[<prev] [next>] [thread-next>] [day] [month] [year] [list]
Message-Id: <cover.1657643355.git.asml.silence@gmail.com>
Date: Tue, 12 Jul 2022 21:52:24 +0100
From: Pavel Begunkov <asml.silence@...il.com>
To: io-uring@...r.kernel.org, netdev@...r.kernel.org,
linux-kernel@...r.kernel.org
Cc: "David S . Miller" <davem@...emloft.net>,
Jakub Kicinski <kuba@...nel.org>,
Jonathan Lemon <jonathan.lemon@...il.com>,
Willem de Bruijn <willemb@...gle.com>,
Jens Axboe <axboe@...nel.dk>, David Ahern <dsahern@...nel.org>,
kernel-team@...com, Pavel Begunkov <asml.silence@...il.com>
Subject: [PATCH net-next v5 00/27] io_uring zerocopy send
NOTE: Not to be picked directly. After getting necessary acks, I'll be
working out merging with Jakub and Jens.
The patchset implements io_uring zerocopy send. It works with both registered
and normal buffers, mixing is allowed but not recommended. Apart from usual
request completions, just as with MSG_ZEROCOPY, io_uring separately notifies
the userspace when buffers are freed and can be reused (see API design below),
which is delivered into io_uring's Completion Queue. Those "buffer-free"
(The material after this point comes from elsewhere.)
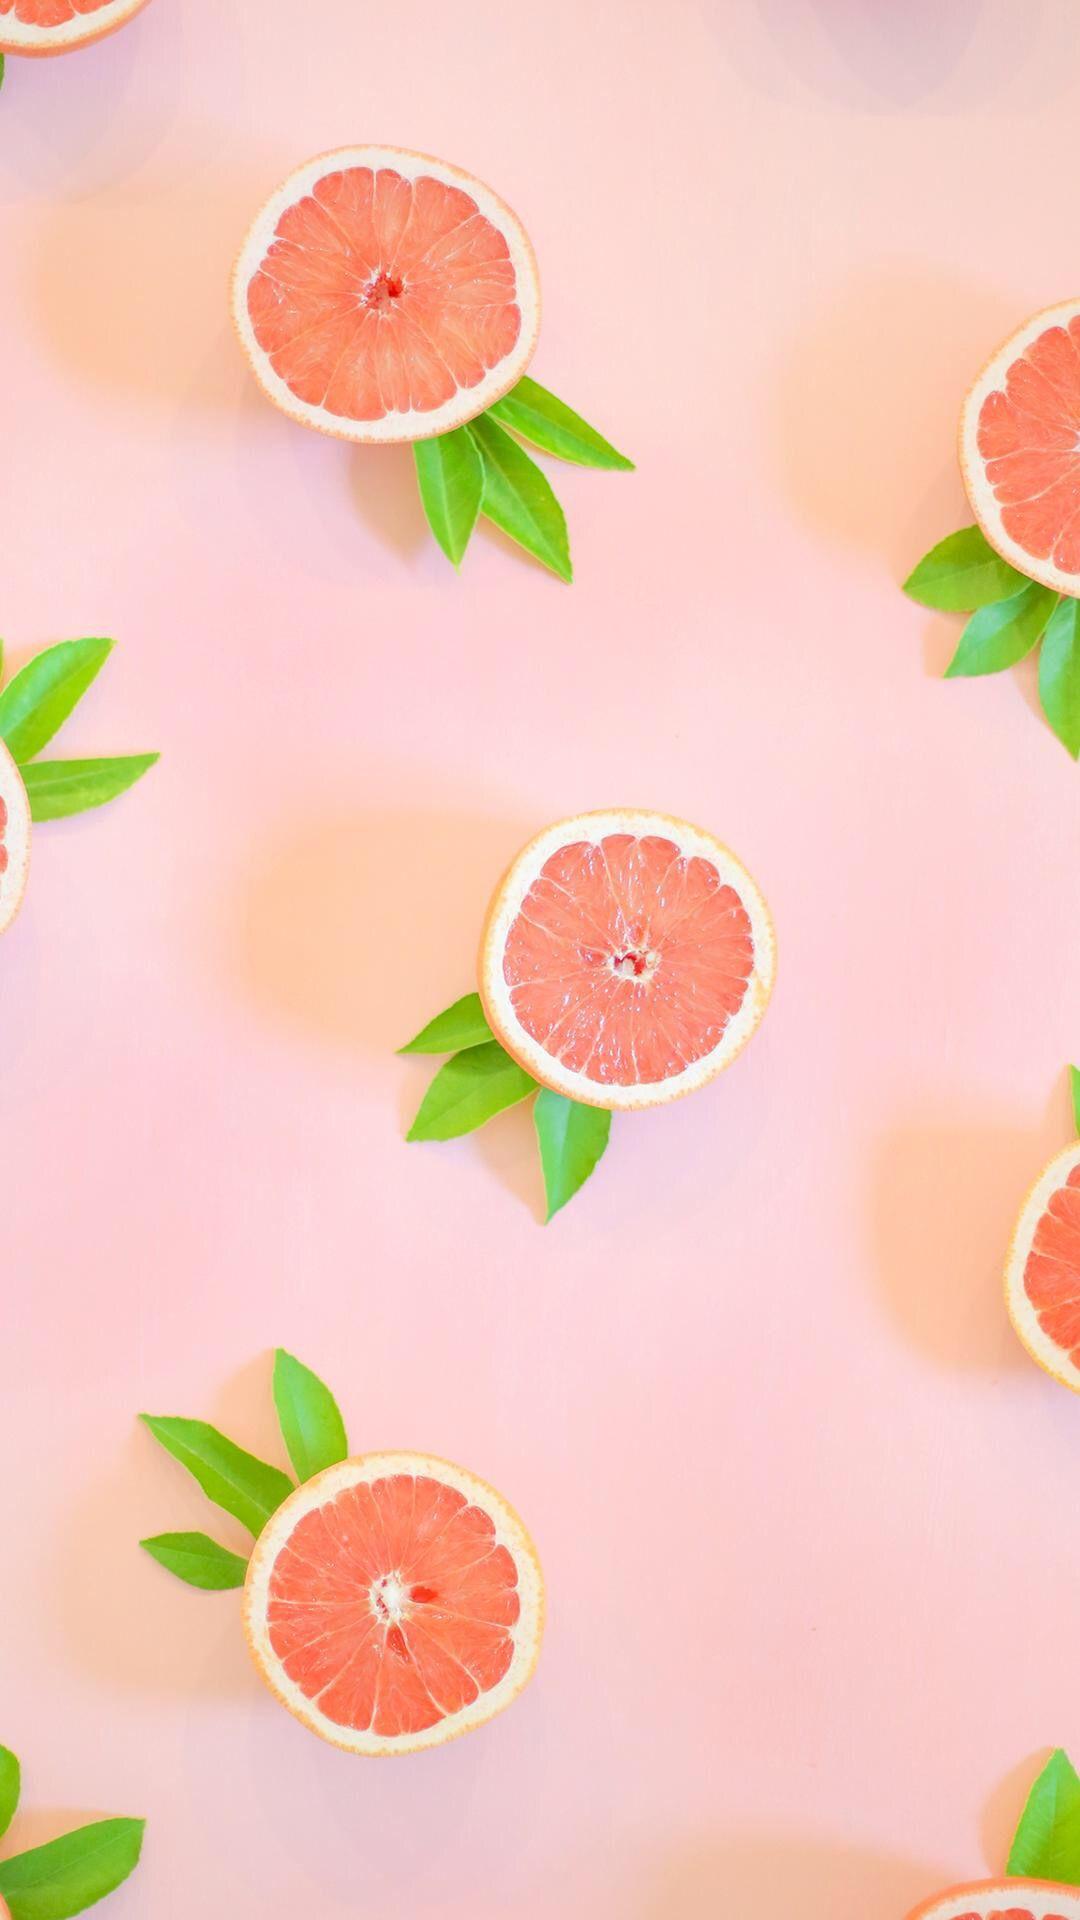 Grapefruit pattern iPhone wallpaper. iPhone Wallpaper in 2019

notifications are not necessarily per request, but the userspace has control
over it and should explicitly attaching a number of requests to a single
notification. The series also adds some internal optimisations when used with
registered buffers like removing page referencing.
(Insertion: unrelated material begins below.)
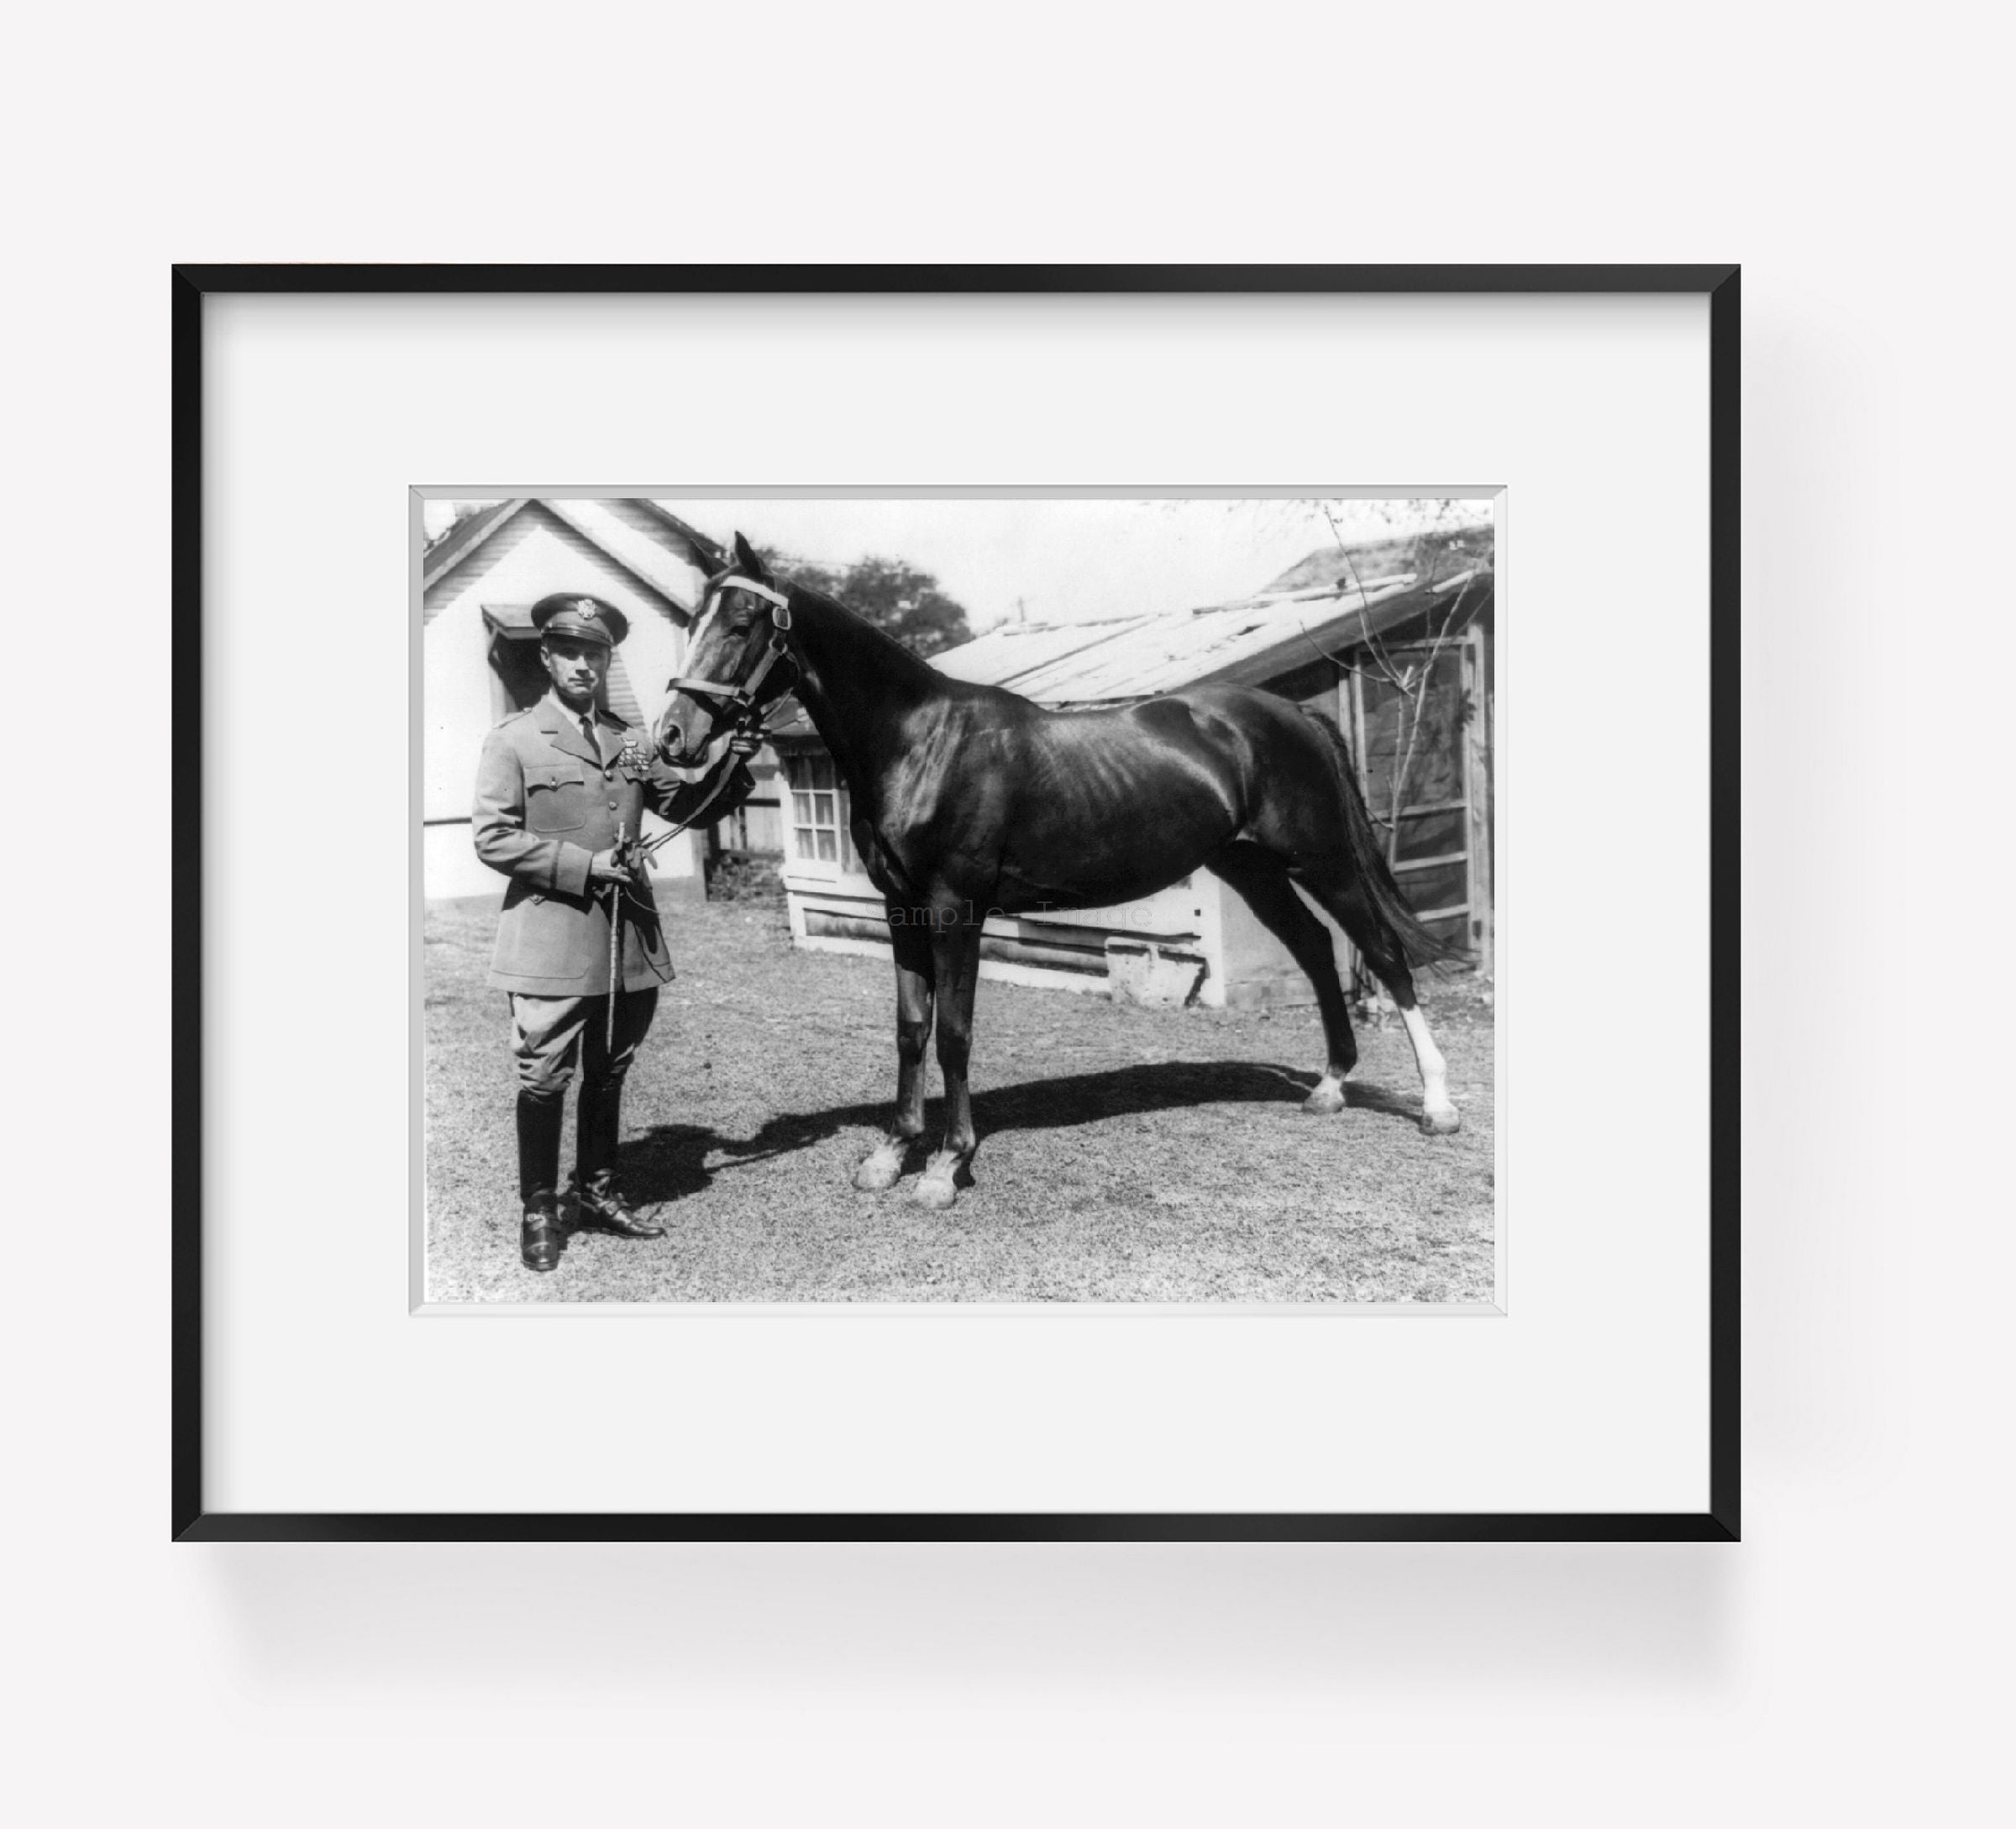 Photo: William ('Billy') Mitchell, 1879-1936, in uniform, standing with horse, Gener

>From the kernel networking perspective there are two main changes. The first
one is passing ubuf_info into the network layer from io_uring (inside of an
in kernel struct msghdr). This allows extra optimisations, e.g. ubuf_info
caching on the io_uring side, but also helps to avoid cross-referencing
and synchronisation problems. The second part is an optional optimisation
removing page referencing for requests with registered buffers.
Benchmarking UDP with an optimised version of the selftest (see [1]), which
sends a bunch of requests, waits for completions and repeats. "+ flush" column
posts one additional "buffer-free" notification per request, and just "zc"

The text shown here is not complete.